Baseline demographics, clinical history, and objective assessment of clinical signs were gathered by trained research personnel in the emergency department, including age, sex, race, height, and weight (necessary for calculation of BMI). Findings from the electrocardiogram, chest X-ray, and blood tests, including serum creatinine, were recorded in a structured checklist completed by the emergency department attending physician. From the database of 1,586 patients, subgroups were prepared based on the presence of diabetes and heart failure status (active versus having history of dyspnea, but not due to heart failure). Because BNP concentrations in healthy individuals are dependent on age, sex, BMI, renal function (12), and New York Heart Association (NYHA) classification (for heart failure patients), a subset of data were prepared whereby these parameters were matched between the no heart failure, heart failure, and history of heart failure groups (but not active heart failure). The database was sorted according to BMI and sex, given that these parameters were the most different between the diabetic and nondiabetic groups. Lean nondiabetic female patients were consecutively removed from the nondiabetic groups until the BMI and sex matched the diabetic group. Retrospectively, no adjustments in the database were necessary for the estimated creatinine clearance. After all adjustments, the final subgroupings were: group 1 (n = 324) had neither diabetes nor heart failure, group 2 (n = 107) had diabetes and no heart failure, group 3 (n = 247) had heart failure but not diabetes, group 4 (n = 183) had both diabetes and heart failure, group 5 had a history of heart failure but current dyspnea not due to heart failure and no diabetes (n = 41), and group 6 (n = 21) had a history of heart failure and diabetes.
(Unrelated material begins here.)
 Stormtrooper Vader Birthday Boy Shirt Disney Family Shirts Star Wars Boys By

During initial evaluations, 5 ml of blood was collected into tubes containing K₃EDTA, and the BNP concentration was measured using the first generation Triage B-Type Natriuretic Peptide test (Biosite, San Diego, CA). Precision, analytical sensitivity, and stability characteristics of the system have been previously described (13). The measurable range of the BNP assay was 5.0–1,300 pg/ml. (After completion of this study, the manufacturer has released a second-generation BNP assay whereby the assay range has been extended to 5,000 pg/ml.) The test was run in a concealed fashion, with the results kept in separated data binders only linked by a separate study code, hence blinding both emergency department physicians and adjudicating cardiologists.
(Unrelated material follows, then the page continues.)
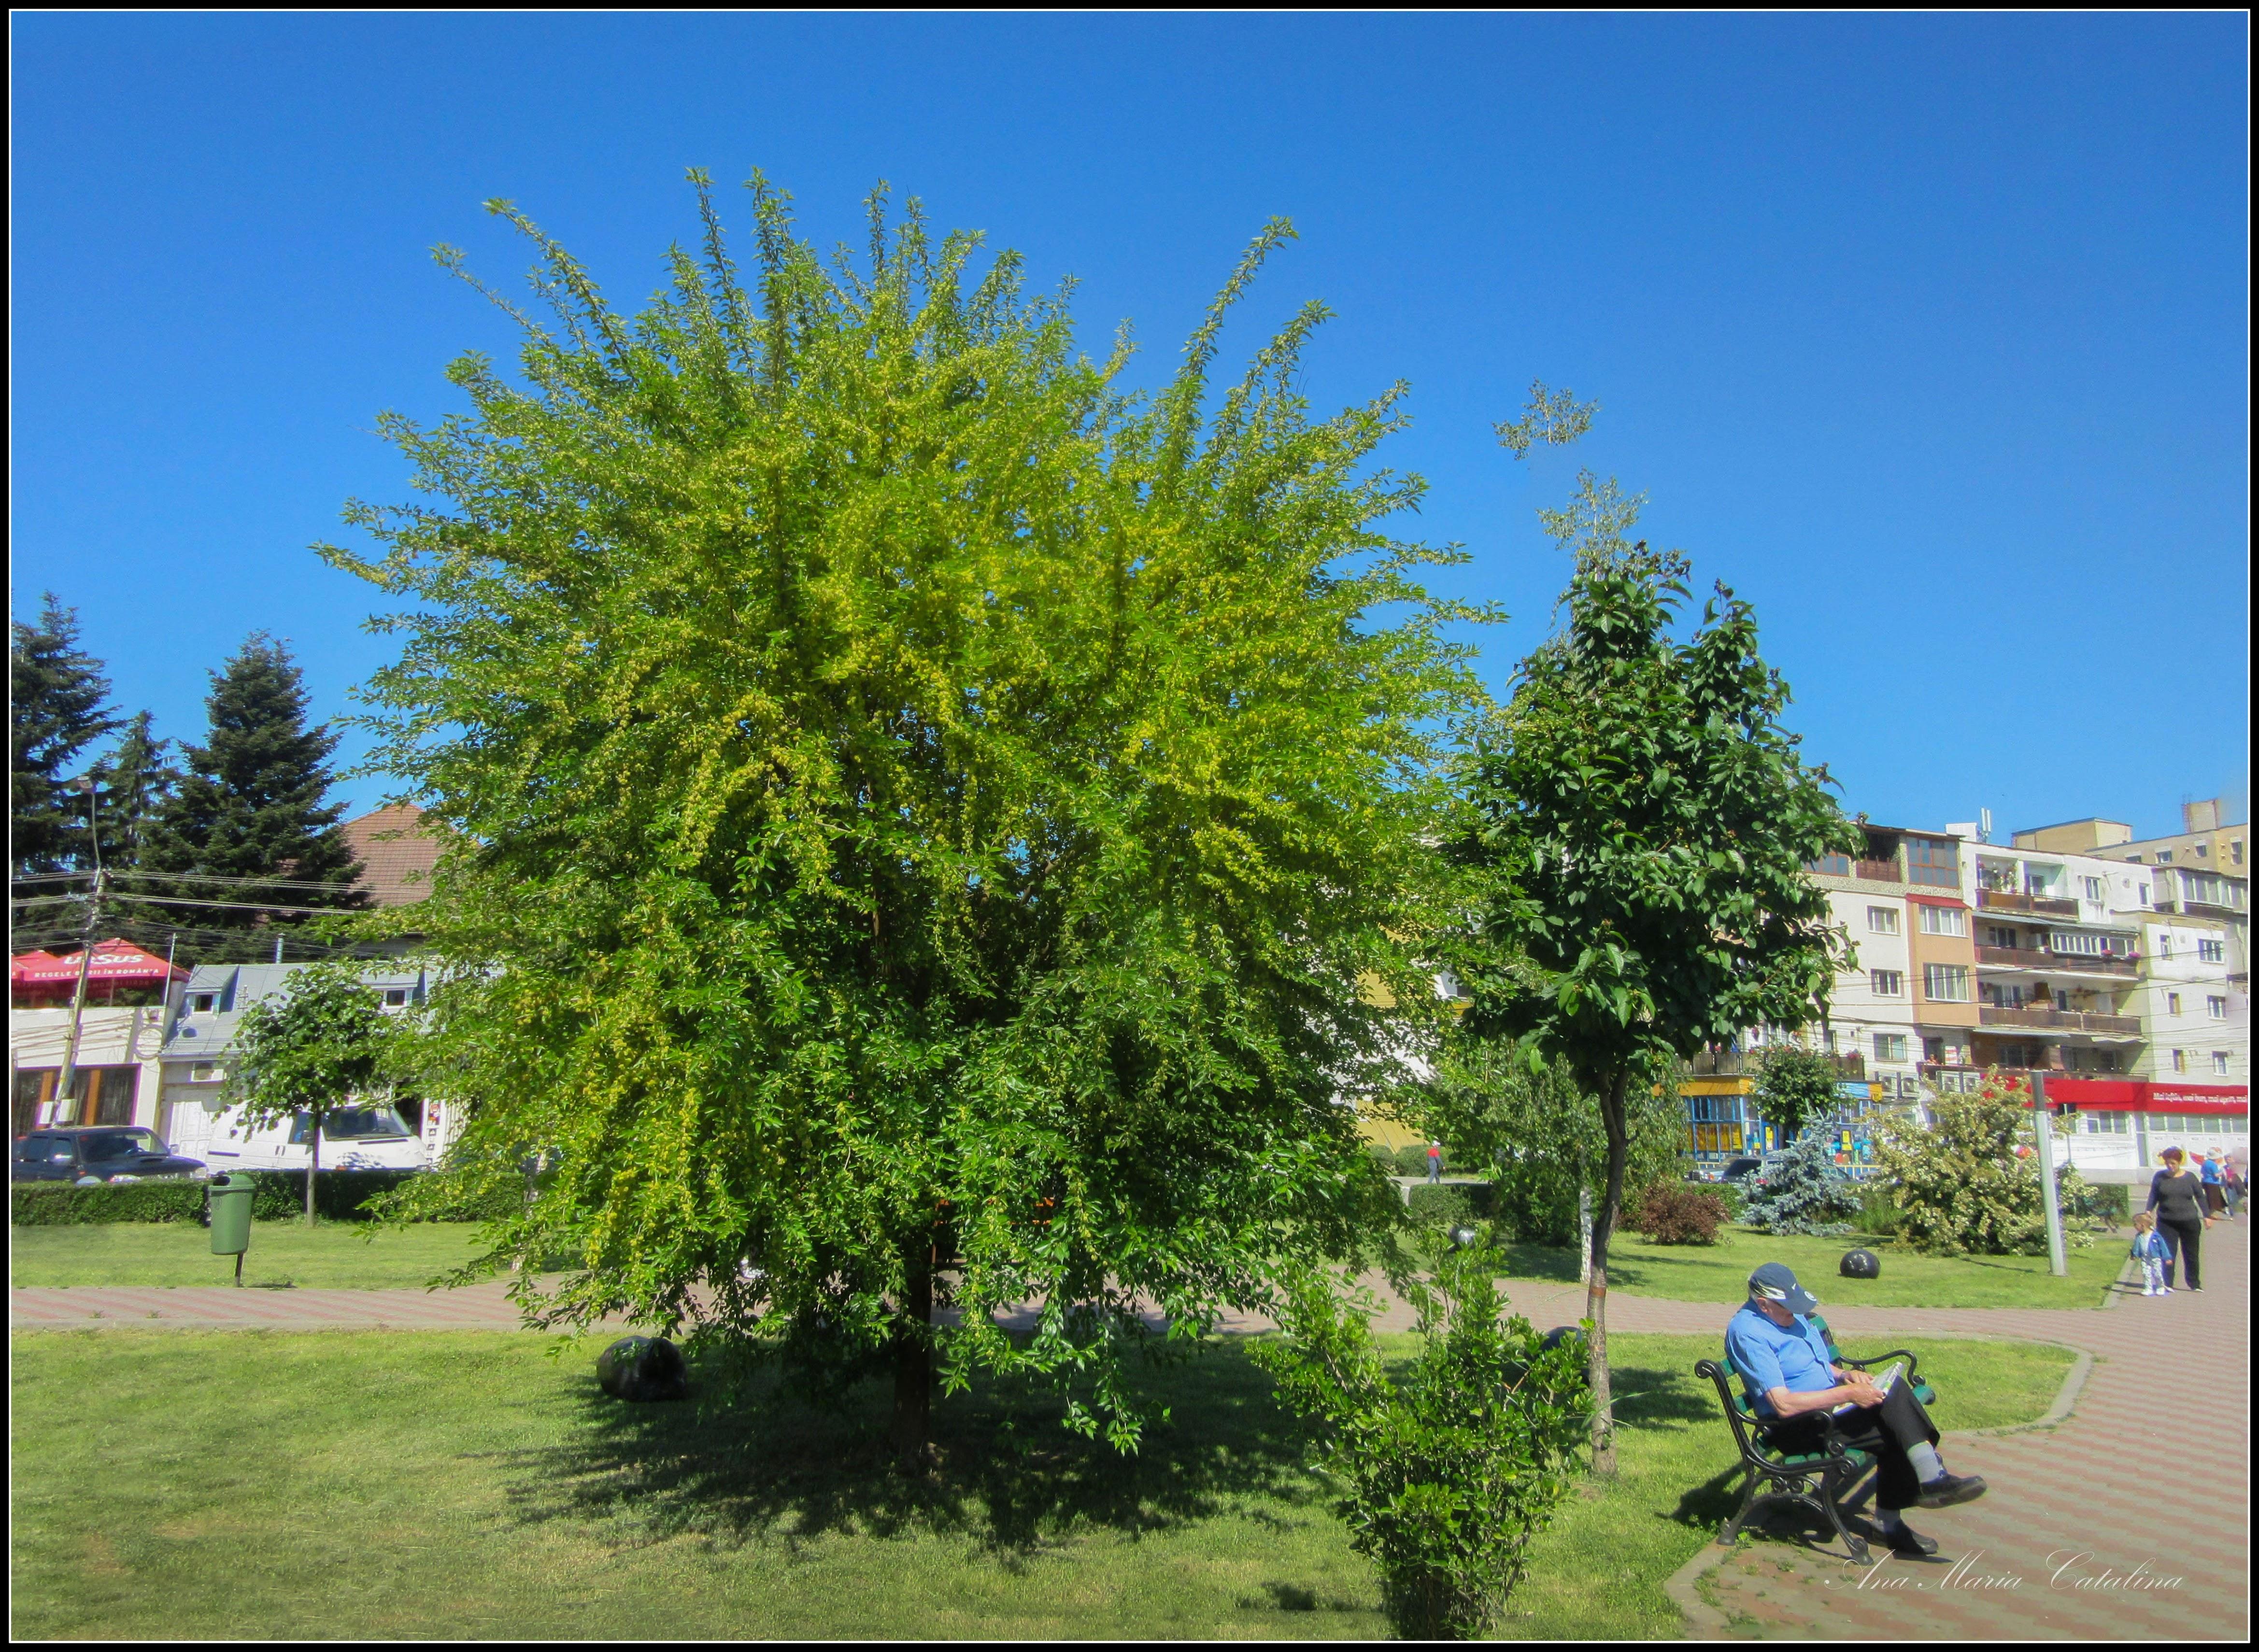 Photo: Roșcovul (Ceratonia siliqua) - din Parcul teilor - 2017.05.29 Album http://ana-maria-catalina.blogspot.ro/2017/06/roscovul-album-pe-google13ceratonia.html

Approximately 30 days after the emergency department visit, the case report form (excluding the emergency department physician estimate of probability of heart failure), electrocardiogram, chest X-ray, echocardiogram, and all other clinical tests, consultations, and chart information were reviewed by two independent cardiologists. In addition, information was used from the case report form to calculate the Framingham (requiring two major or one major and two minor criteria for heart failure) and National Health and Nutrition Examination Survey (requiring three or more points for heart failure) scores for heart failure. After reviewing all information, if agreement was achieved, then the case was categorized as one of the following: 1) dyspnea due to heart failure, 2) history of heart failure but dyspnea due to noncardiac cause, or 3) dyspnea due to noncardiac cause. In the event of disagreement, the case was adjudicated by the study end points committee.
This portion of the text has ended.